This PR adds comprehensive PTY support with a well-designed architecture that addresses most critical issues from previous reviews. Error handling has improved significantly - terminal operations now wrap exceptions and return structured results. However, two critical issues remain that could cause production reliability problems.

Critical Issues

1. SSE stream listeners continue firing after enqueue failures

packages/sandbox-container/src/handlers/pty-handler.ts:361-390, 393-424 - When controller.enqueue() throws (client disconnected), the error is caught and logged but the listener keeps firing. Every subsequent PTY data event triggers another caught exception, filling logs and wasting CPU.

Fix: On enqueue error, call unsubData() and unsubExit() immediately inside the catch blocks to stop further callbacks.

2. WebSocket double-failure scenario loses user feedback

packages/sandbox-container/src/handlers/ws-adapter.ts:107-129, 133-161 - When PTY write/resize fails AND the error notification cannot be sent over WebSocket (dead connection), users receive no feedback. The operation promise never resolves/rejects, leaving users unable to distinguish between slow operations and failed operations.

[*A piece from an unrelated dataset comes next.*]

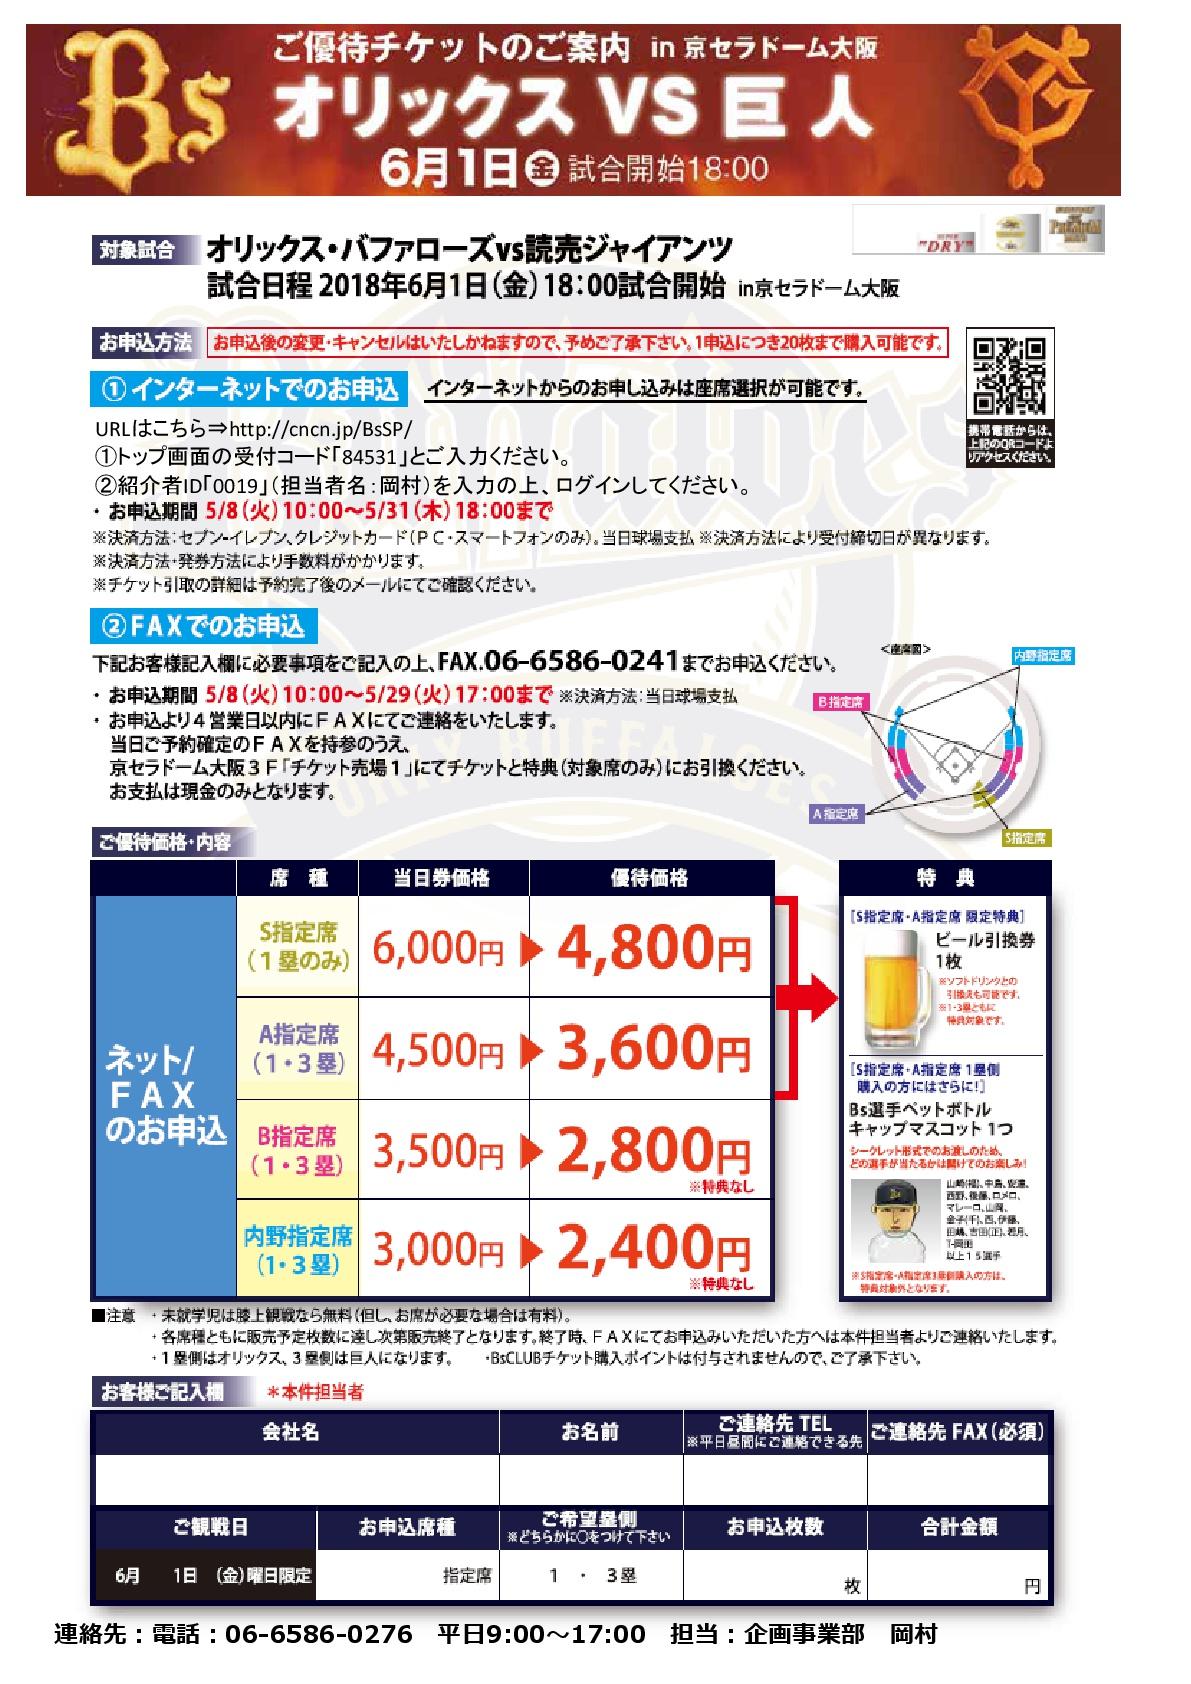 交流戦6月1日G優待案内用紙-001

This violates the core principle: users must always know when operations fail. Consider adding request/response pattern with explicit IDs for PTY operations, or document this limitation clearly in the fire-and-forget JSDoc.

Important Issues

3. Missing critical test coverage

The primary use case - WebSocket PTY integration - has zero E2E test coverage. The collaborative-terminal example shows this is the intended production pattern, yet tests only cover HTTP fallback. Also missing:

  • Disconnect timeout behavior (resource leak risk)
  • Bun.Terminal unavailability error handling
  • Session attachment conflict unit test

See the pr-test-analyzer agent report for detailed severity ratings. At minimum, add WebSocket PTY E2E test before merge.

Positive Changes

  • terminal.write() and resize() now wrapped in try-catch with structured error returns
  • proc.exited has both .then() and .catch() handlers
  • Listeners properly cleaned up in cancel() callback (SSE streams)
  • No any types - proper BunTerminal interface defined
  • Error messages are clear and actionable

Verdict

Fix SSE listener cleanup (critical #1) and either fix or clearly document the WebSocket double-failure scenario (critical #2). Add at minimum the WebSocket PTY E2E test. The architectural foundation is solid, but these reliability issues could create difficult-to-debug production problems.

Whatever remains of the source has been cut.